Alle Regale und Nachttische im Haus haben die Designer aus Möbeln gebaut, die zwar vorhanden, aber nicht mehr funktionsfähig waren und daher vom Eigentümer entsorgt werden sollten. „Als Naturschützer prüfen wir immer erst, was wir von dem, was wir haben, in etwas Neues verwandeln können, um unnötigen Abfall zu vermeiden“, erklärt Caterina, „man könnte sagen, dass uns die Designphilosophie von Wabi Sabi sehr am Herzen liegt.“
Der Einrichtungstrend Wabi Sabi führt auf die japanische Ästhetik zurück, die zum Perspektivwechsel anregt: Weg von der Perfektion hin zur Liebe und Schönheit im Unvollkommenen.

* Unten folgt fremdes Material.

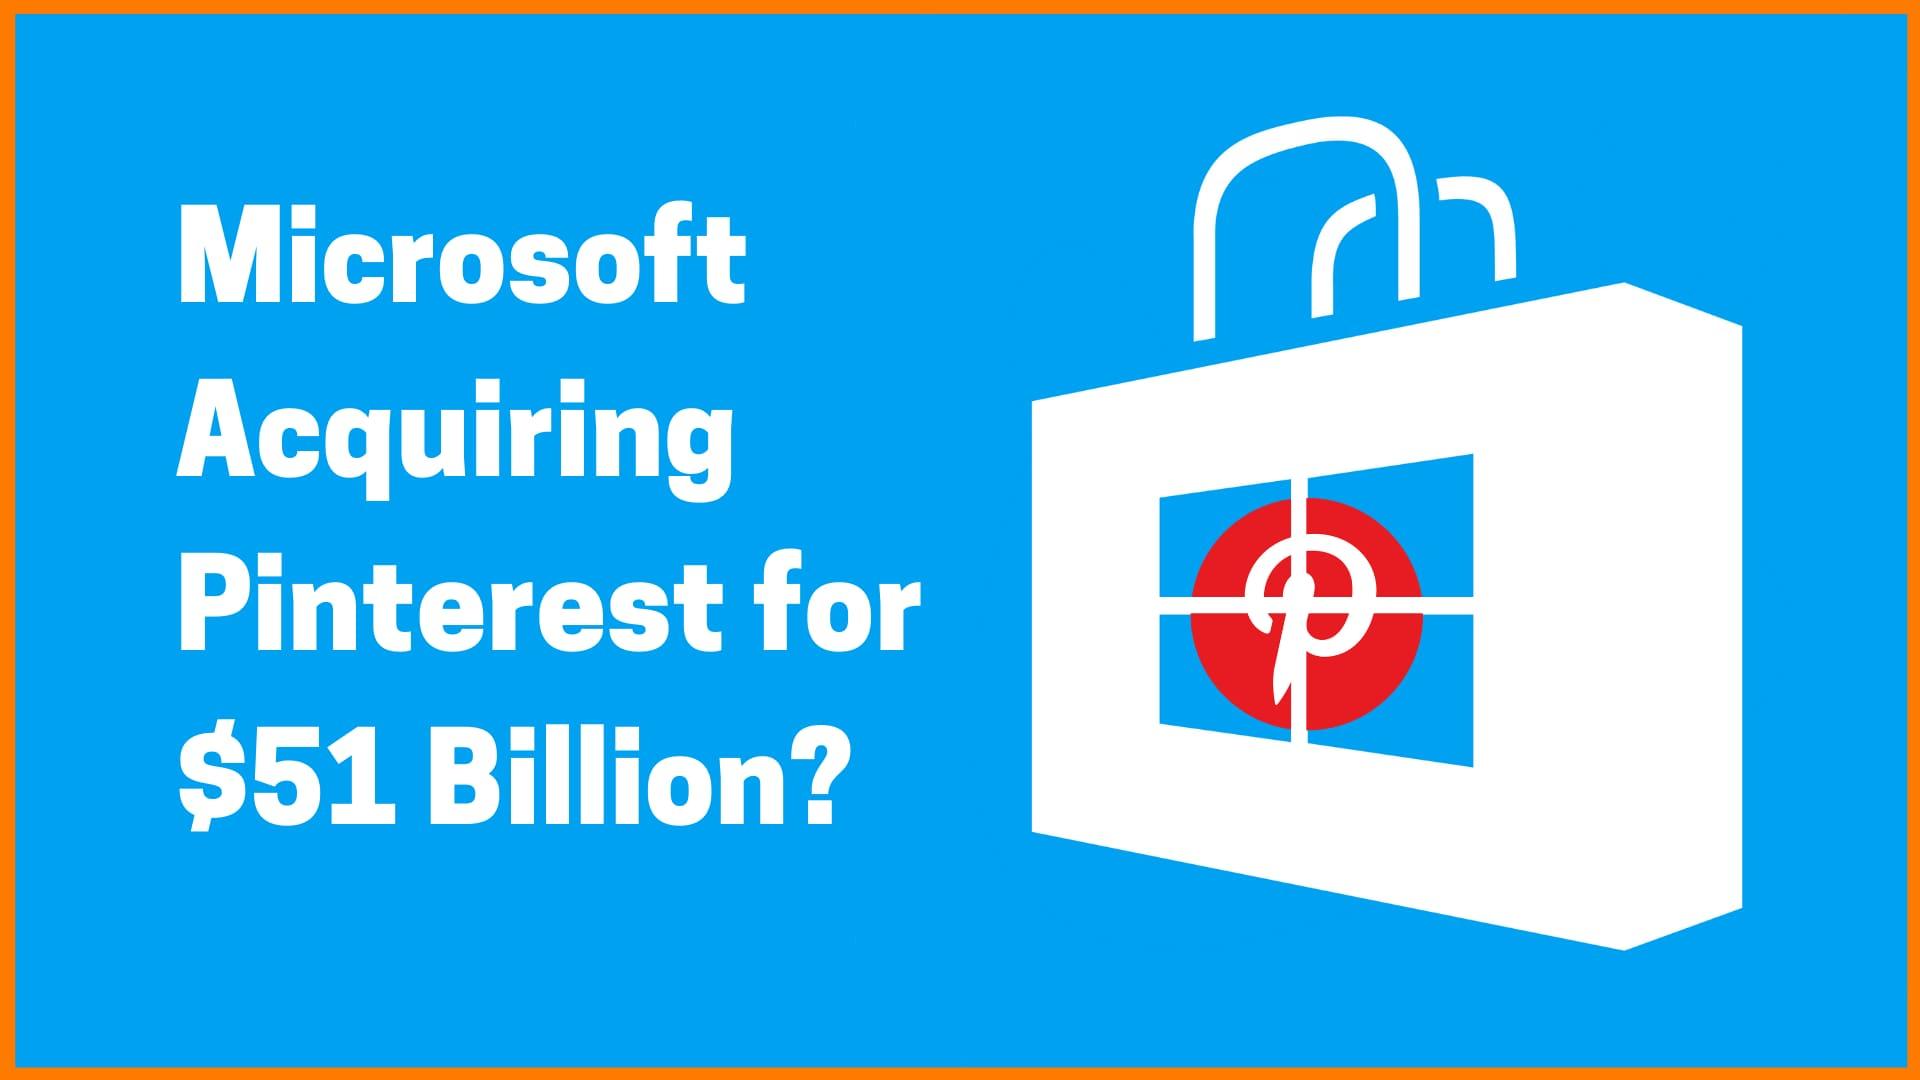 Is Microsoft Acquiring Pinterest?

Wabi bedeutet ursprünglich, sich elend, einsam und verloren zu fühlen; Sabi soll alt sein und Patina zeigen. Eine nicht offenkundige Schönheit also, die sich im Unscheinbaren verbirgt, eine Unvollkommenheit in einfachen Dingen zu erkennen und sie wertzuschätzen und die Vergänglichkeit zu akzeptieren.